Police dog Grinder after Olson attempted to drown him in the Vedder River.
The Crown informed the court in Sept 2019 of a pending application under section 752.1 of the criminal code ... the dangerous offender tag and indeterminate sentence. The dangerous offender designation was thereafter taken off the table. Intense drama ensued as Olson was found in possession of a stolen vehicle near the Vedder Canal. He ended up in the water fleeing from a cop dog that he fought off and attempted to drown. He was arrested by the RCMP’s Emergency Response Team hiding in bushes. Both Robinson and Olson faced a minimum for the most serious weapons offences. The criminal code calls for a minimum of five years with the use of a restricted or prohibited firearm. Olson originally faced the rare charge of attempting to kill or maim a law enforcement animal, but that was dropped.
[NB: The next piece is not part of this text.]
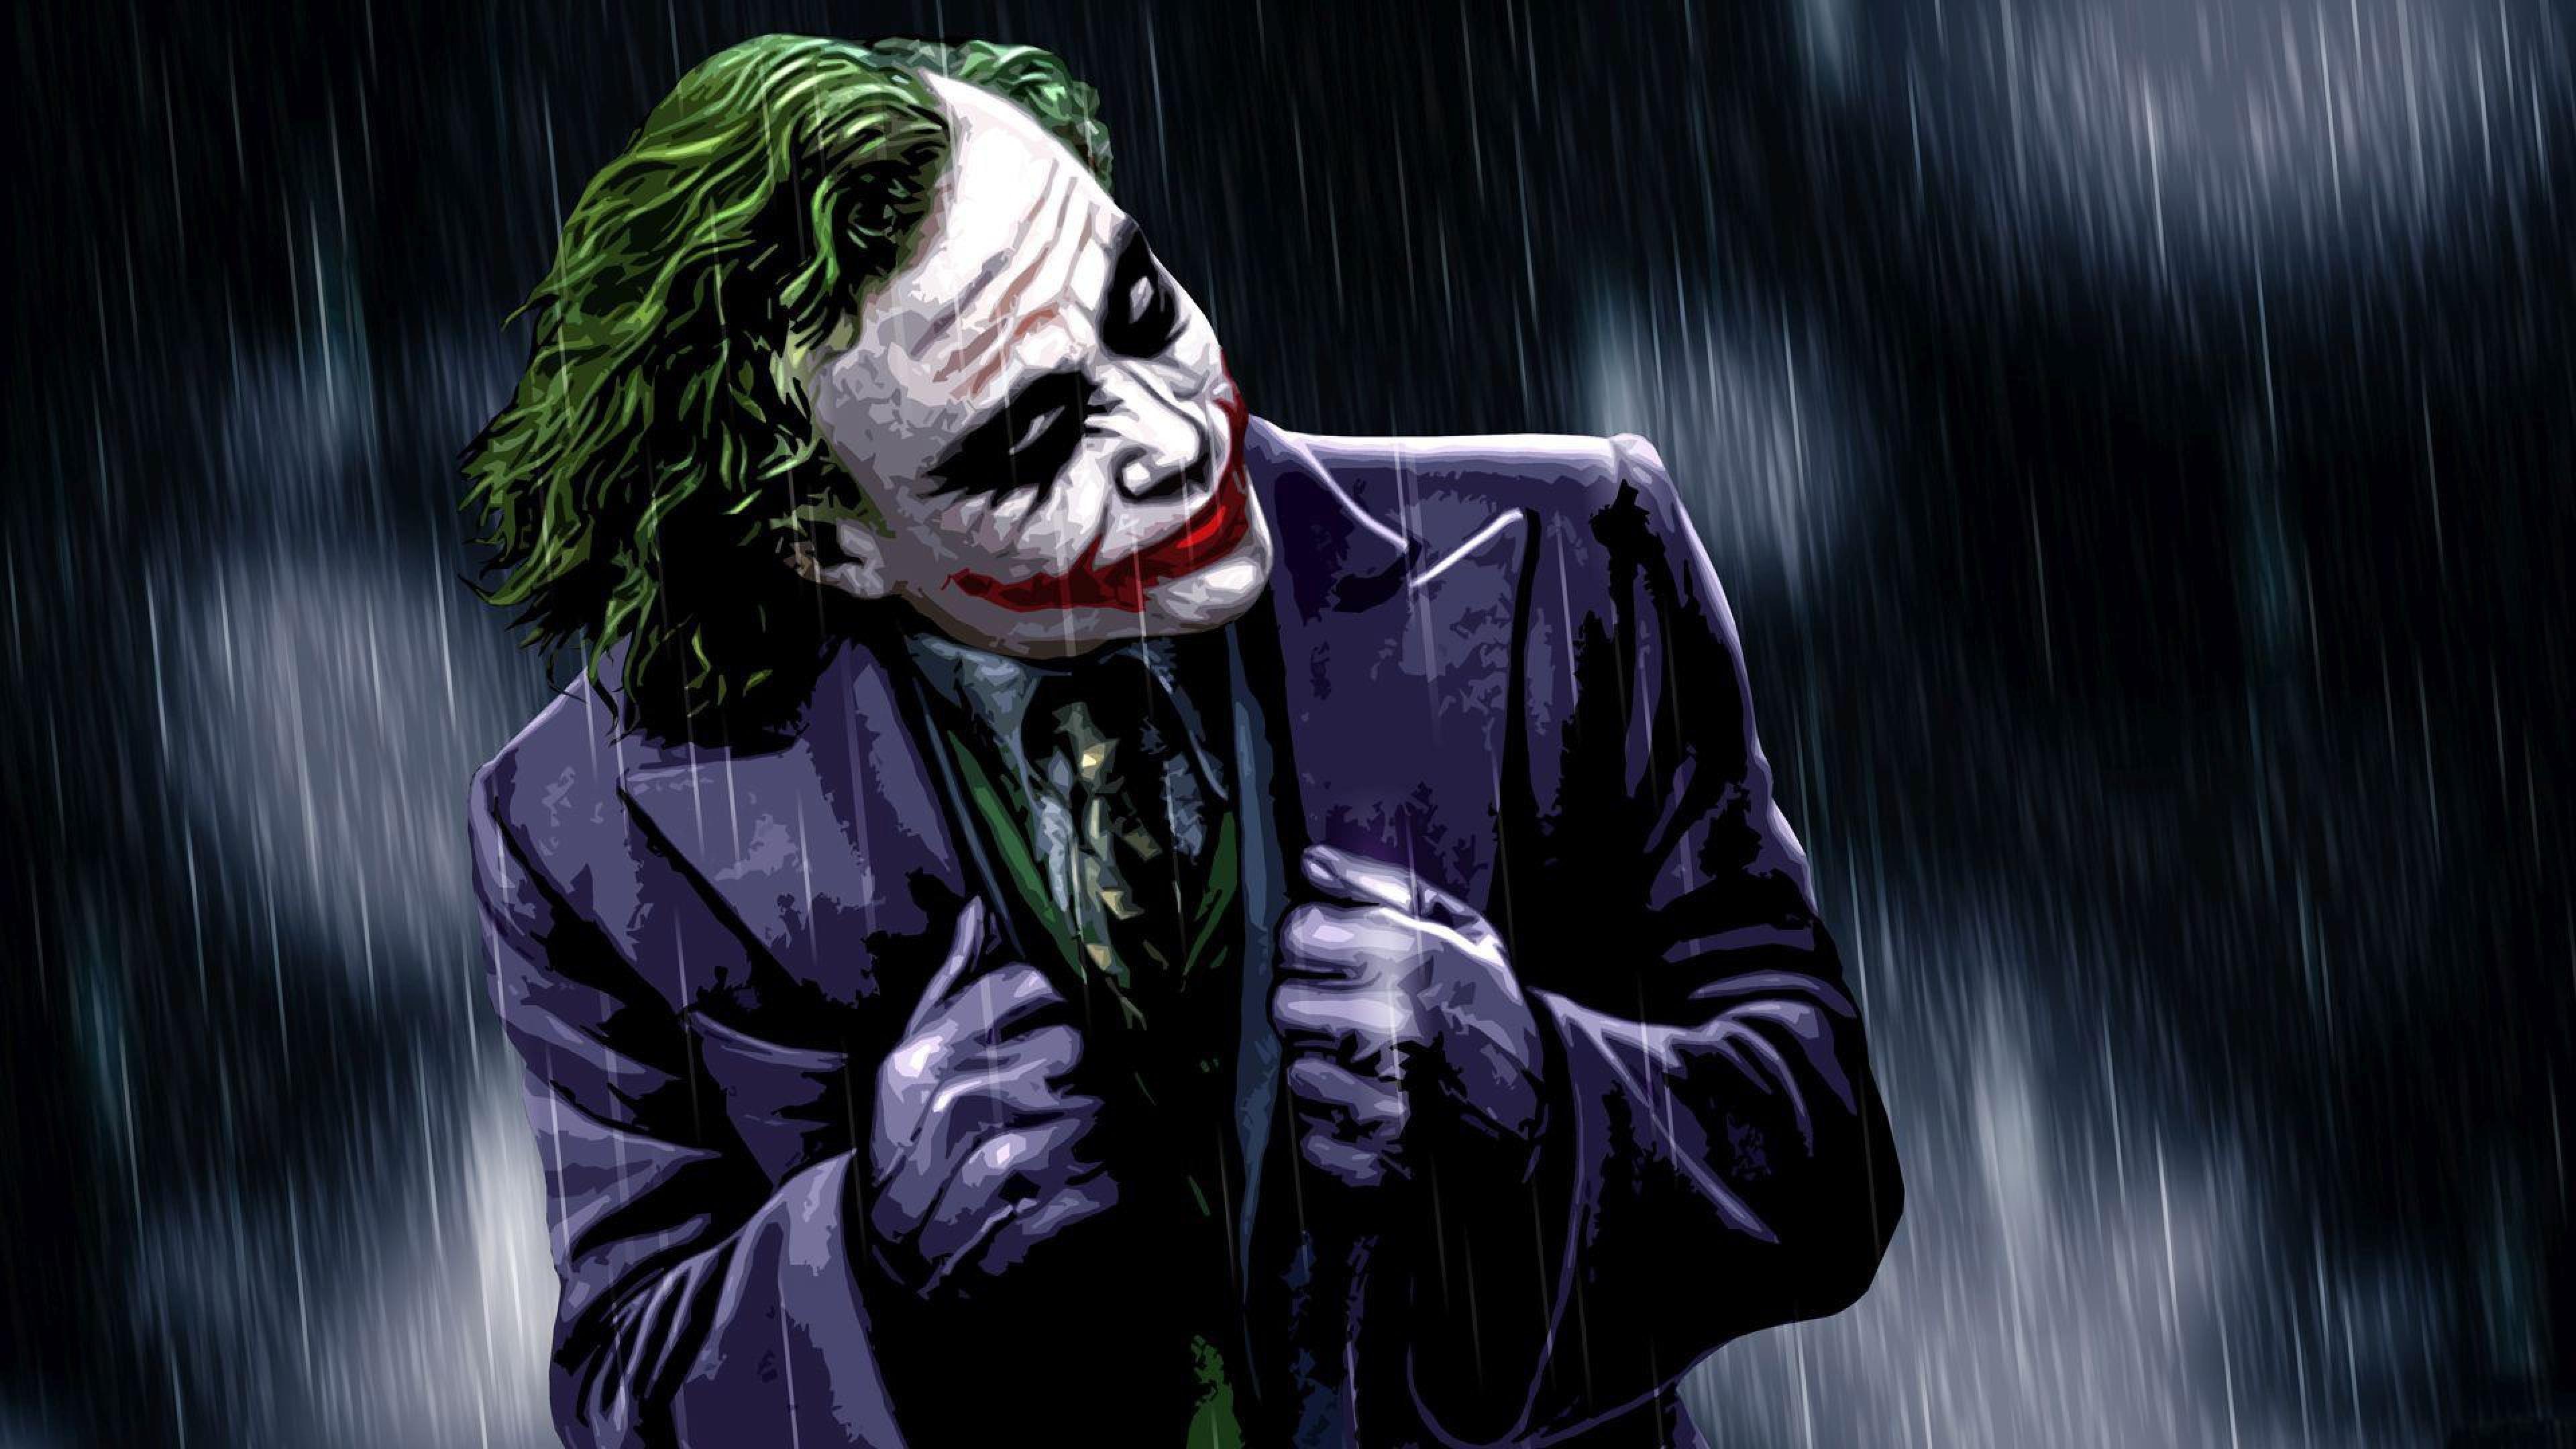 Joker 1080p wallpapers | Resim | Resimleri | Foto ...

Philip Esformes - 'unbounded greed'

Philip Esformes is a Florida nursing home owner whose 20-year prison sentence for a $1.3b Medicare fraud scheme was commuted by then-President Trump in late 2020. He is headed for retrial on 6 counts after losing an appeal claiming prosecutorial misconduct. The decision also leaves him on the hook for $44m in fines and forfeiture orders related to his conviction. When charges were filed against him and two others in 2016, the DoJ called it the “largest single criminal health-care fraud case ever brought against individuals” in department history. In the announcement of the commutation, the White House said Esformes had been “devoted to prayer and repentance” while in prison and was in “declining health.”
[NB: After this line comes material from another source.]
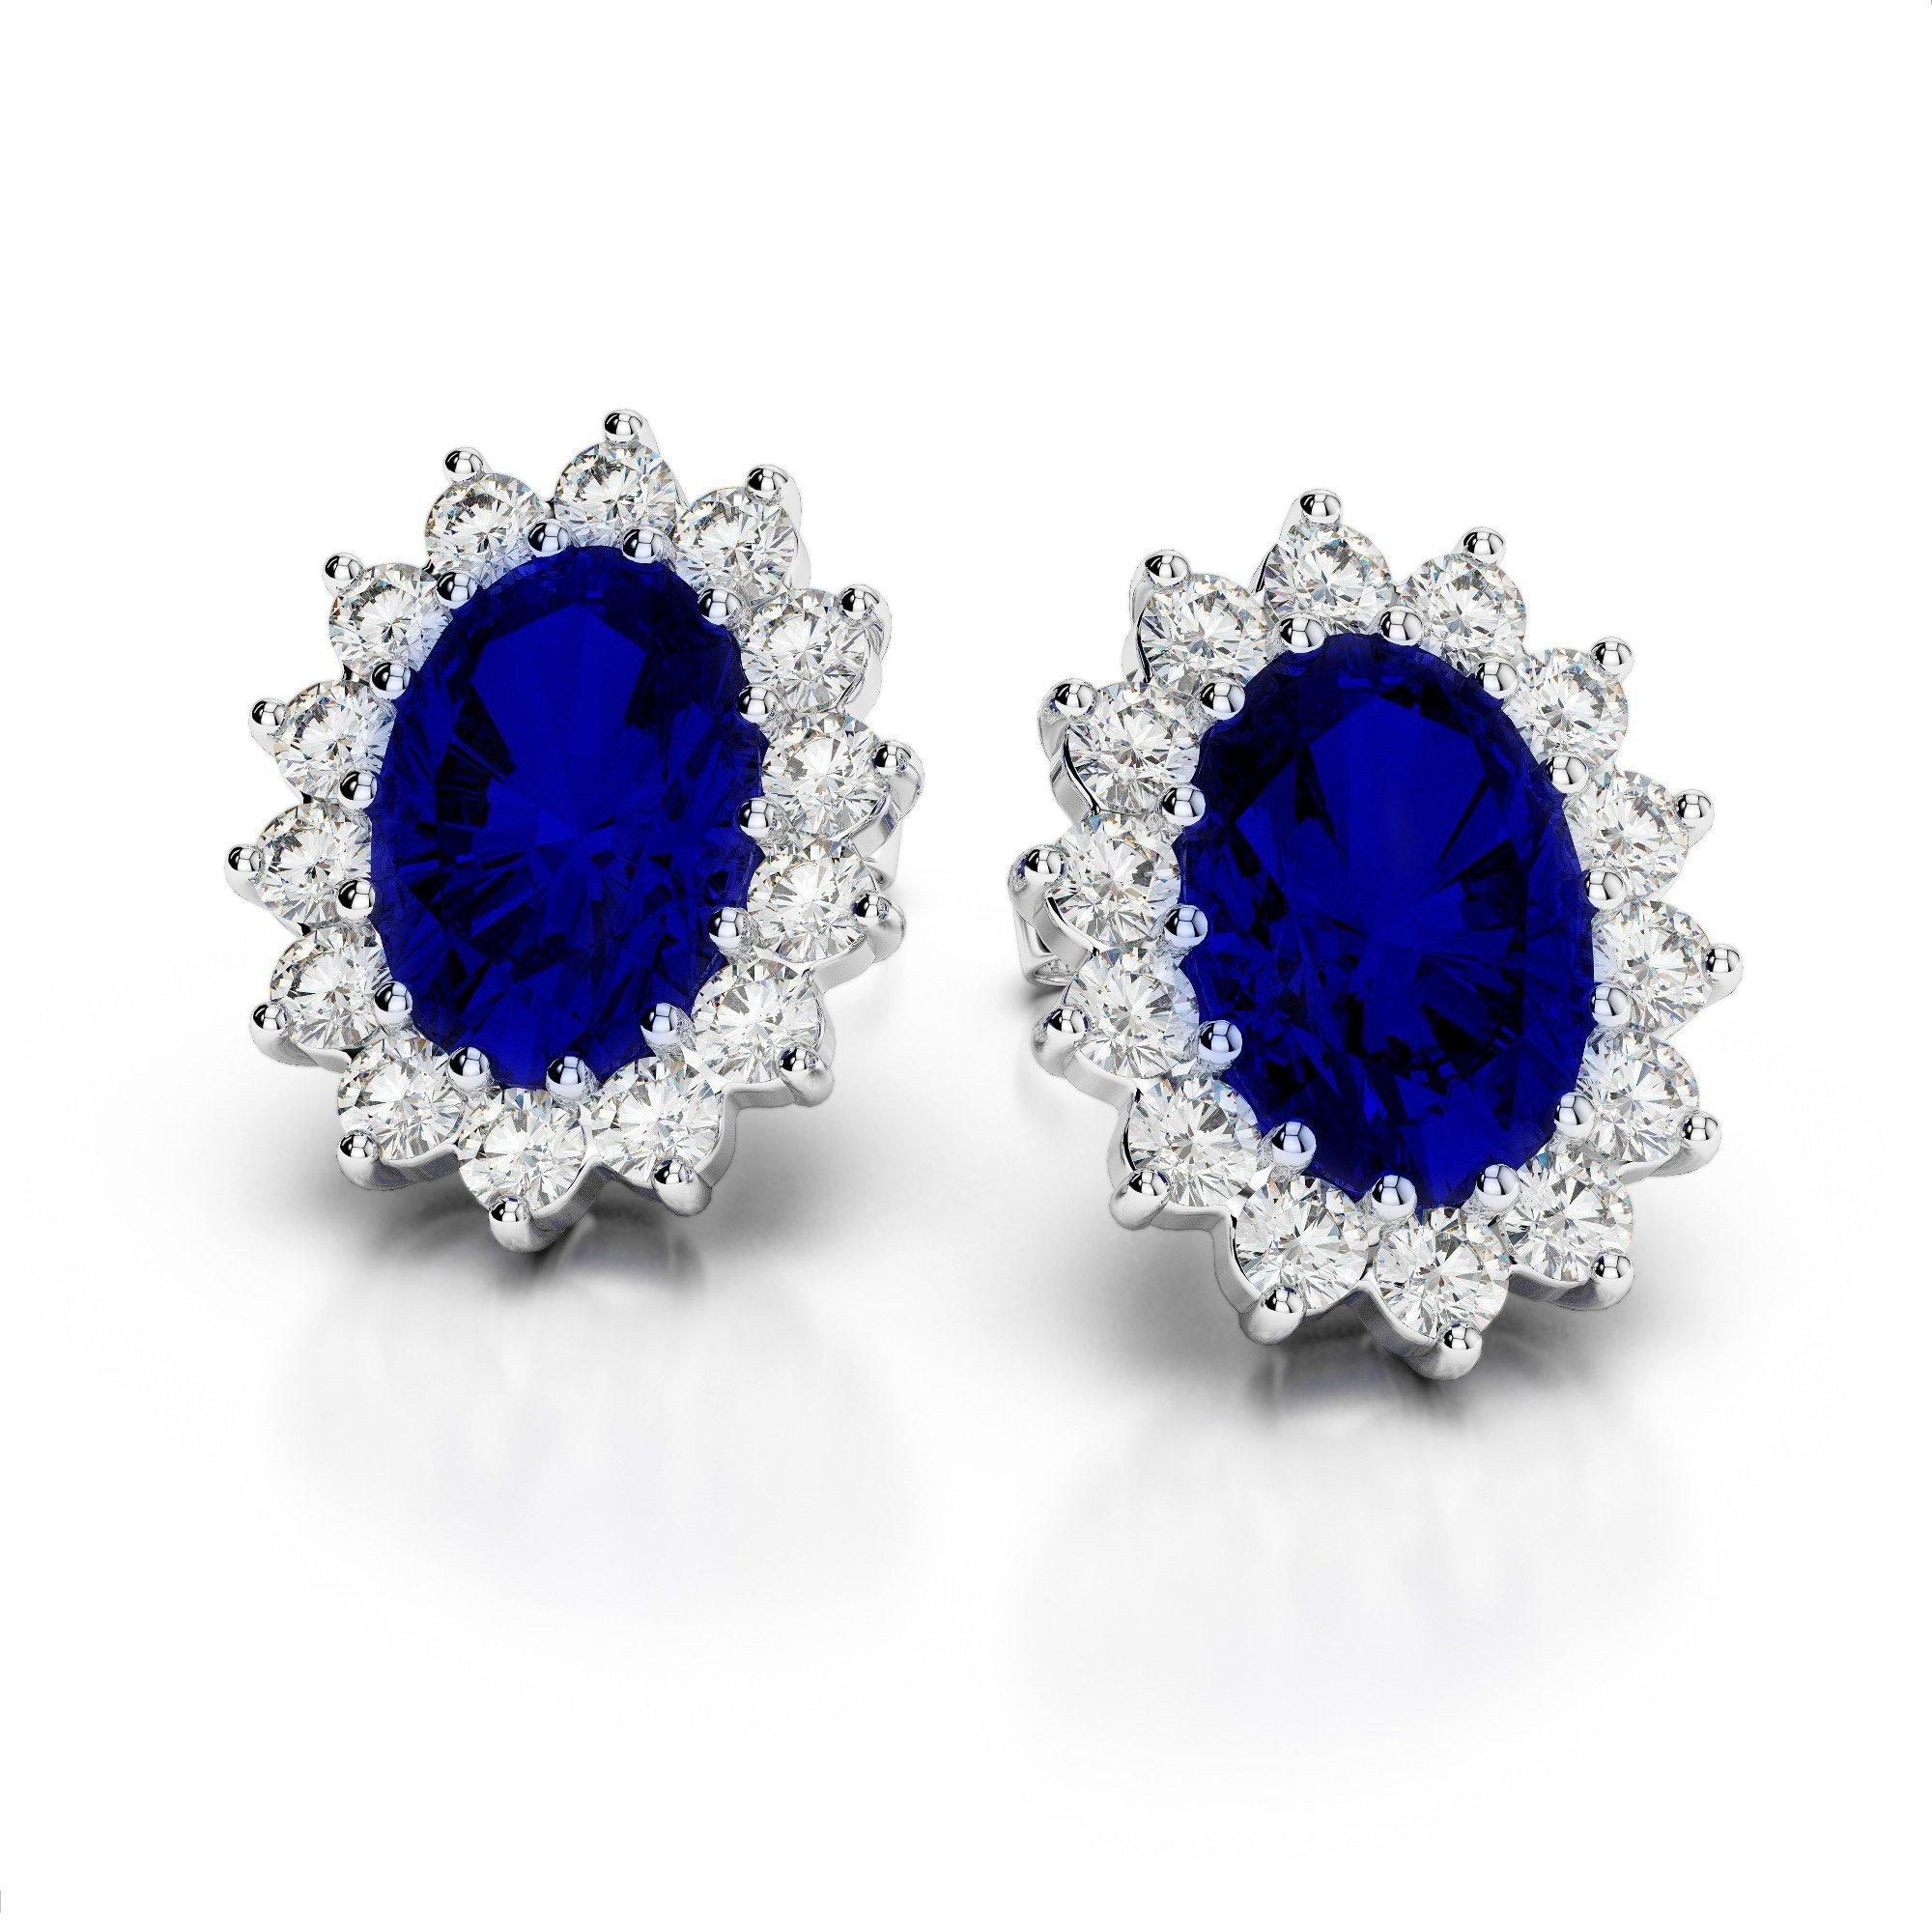 8x6mm Oval Sapphire & Diamond Stud Earrings

Esformes played his Jewish card and connections. Esformes’s family donated $65k to the Aleph Institute over several years starting after his indictment. That group petitioned for his release. Esformes’ fraud spanned two decades and involved $1.3b in losses from fraudulent claims to Medicare and Medicaid. With the loot, Esformes bought a $1.6m Ferrari, a $360k Greubel Forsey watch, and paid for hookers. The FBI said he “is a man driven by almost unbounded greed.” There is no federal statute that explicitly states that prosecutors cannot retry a defendant on charges a jury deadlocked on after a president commuted their sentence for other counts on which they were convicted.

Kyrgyzstan cracks down on organized crime - Kamchybek Kolbayev

A day after Kamchybek Kolbayev was killed in an armed standoff, the chief of the State Committee for National Security, GKNB, spoke. “I am addressing criminal elements: do not break the law. From now on, in our country there will be no thieves-in-law, no leaders of organized crime groups, no criminal organizations,” Kamchybek Tashiyev said.
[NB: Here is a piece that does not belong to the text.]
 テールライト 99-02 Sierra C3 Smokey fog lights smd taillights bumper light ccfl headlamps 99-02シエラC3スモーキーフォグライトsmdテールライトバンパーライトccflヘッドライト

The GKNB said on October 4 that Kolbaev was 'liquidated' during a special operation in Bishkek after he resisted arrest and opened fire at security forces. The 49-year-old Kolbaev was a top level "thief-in-law" boss. Kamchy Kolbaev 'Kamchybek Asanbek', was added by the US to a list of major global drug traffickers in 2011. Kolbaev's criminal network is described as being "part of the broader Brothers' Circle transnational criminal organization composed of leaders and members of several Eurasian criminal groups."